Unsettled Transitional Justices: Indigenous Sovereignty and the Limit of Democracy

Written by Yu Liang (Leeve Palrai).

Image credit: Night Festival of the Siraya people by SOTEKIZEN1982/ Wikimedia commons, License: CC BY-SA 4.0.

Indigenous people of Taiwan (Taiwan yuanzhumin) refers to Austronesian-speaking groups whose occupation of the island pre-dates waves of colonial powers of Spanish (1626–1642), the Dutch (1624–1662), the Chinese Zheng regime (1662–1683), Qing China (1683–1895), Imperial Japan (1895–1945), and the Republic of China regime (1949-present). While the category of “yuanzhumin” comprises two sub-categories directly following the considerably problematic Japanese colonial classification—mountain-dwelling (shandi) and plain-dwelling (pingdi)—the Pingpu groups, who also identify themselves as Indigenous to Taiwan, claim that their rights and history deserve to be recognised and legalised. The ambiguity of their identification lies in the historical account of modern Taiwan, where Indigenous people are either assimilated or barbarian. Thus, the Pingpu groups are considered assimilated, who now have no difference from the major Han population. This dominant historical narrative further claims that Pingpu groups naturally or even voluntarily became “Han” even though the assimilation is the result of the brutal settler colonisation since the Imperial Qing period

Against the Council of Indigenous Peoples’ constant denial of their legal identification, the Siraya people now turn to the Supreme Court to seek recognition through constitutional interpretation. The day before the final ruling of the Supreme Court pertaining to the constitutional recognition of the Siraya and other Pingpu groups as “Indigenous,” Wan Zheng-Xiong, the founder of the Siraya Cultural Association, once again demonstrated his unflinching will in an interview: “We Siraya people are indigenous. Therefore, it is the responsibility and obligation of the Taiwanese state to give back the identity and justice to us.” The ground-breaking ruling in the next day proved that Siraya and other Pingpu groups’ call had been heard– in the Mayor of Tainan City Huang Wei-Che’s words, a “belated justice” finally revealed for Siraya people. For Siraya people and other Pingpu groups, justice means having the right to claim their existence in Taiwan vis-à-vis the official historical account portraying them as “extinct” or “disappearing.” In other words, the justice Siraya people demand is not merely a reification of identification or status but a historical reckoning of personhood and identity.

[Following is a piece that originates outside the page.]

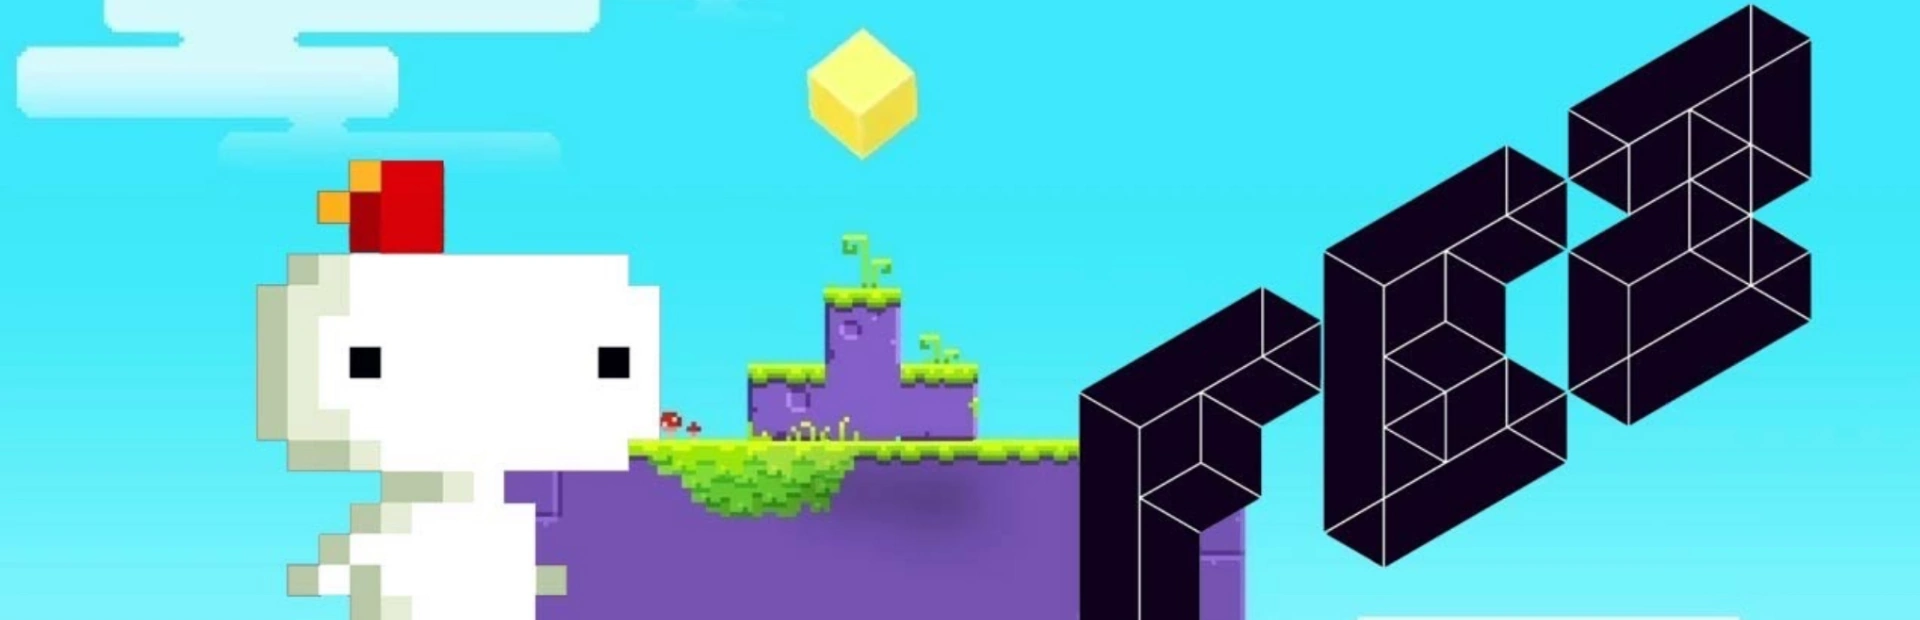 دانلود بازی Fez برای کامپیوتر بدون نیاز به کرک  | گیمباتو

The justice revealed in Siraya’s ruling is in response to the national project of Indigenous transitional justice. Specifically, it responds to the promise of President Tsai Ing-Wen in her 2016 presidential apology that Pingpu groups shall be granted the equal rights and status as fellow Indigenous Taiwanese have. Yet, influential as it is, the idea of indigenous transitional justice in Tsai’s account remains unclear: Who should be held accountable for the erasure of Siraya and other Pingpu groups’ identity and status? When and how did it happen in the first place? Questions of who/when/how aim to identify the context and victimhood in the work of transitional justice, but the real question here is whether or not these questions in the Indigenous Taiwanese context could be properly answered through the transitional justice framework. In this short, exploratory article, I will try to answer these questions by arguing that transitional justice and Indigenous transitional justice should be carefully differentiated in terms of their goals and ultimate aspirations.

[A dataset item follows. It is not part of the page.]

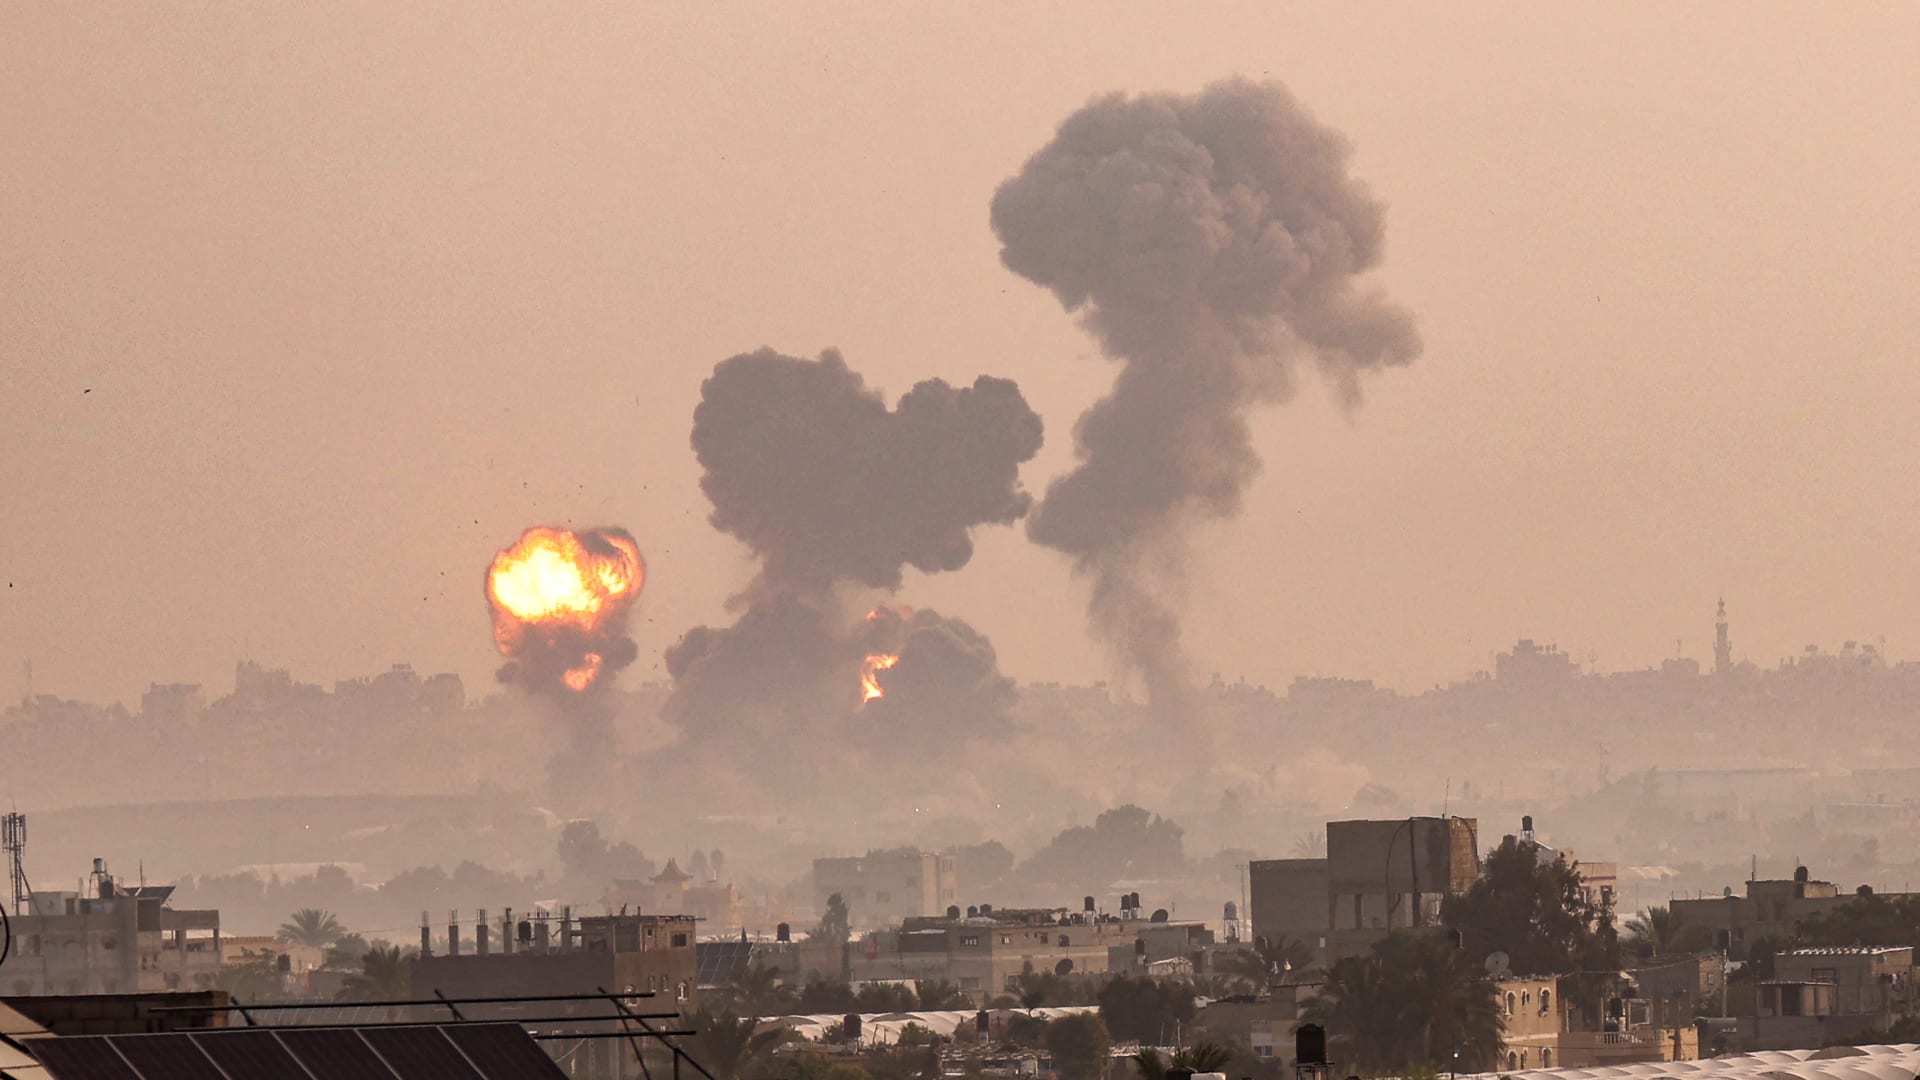 فيديو يُظهر إطلاق دفعة جديدة من الصواريخ من غزة باتجاه إسرائيل

The Role of Transitional Justice in Becoming a Qualified Democratic Partner

The central spirit of transitional justice is to uncover the historical wrongs and to reconcile the tension between an injured past and the apologetic present. Namely, transitional justice challenges the legacy of human violation in the aftermath of mass atrocities. As the term “transitional” signals, transitional justice efforts thus mark the transition from an authoritarian past to a democratic present. Transitional justice, eventually, aims to re/establish civil order and repair the damaged social relations through democratic governance and a just legal system. In Taiwan, the determination of reconciliation comes hand in hand with transitional justice under the purpose of futurity-making, which centres on a national discourse of cross-ethnic-group solidarity and, more importantly, the national pride of being a democratic, sovereign country. It is transitional justice that comes to the fore of Taiwan’s nation-building vis-à-vis the long-standing invasive threat of the Chinese state.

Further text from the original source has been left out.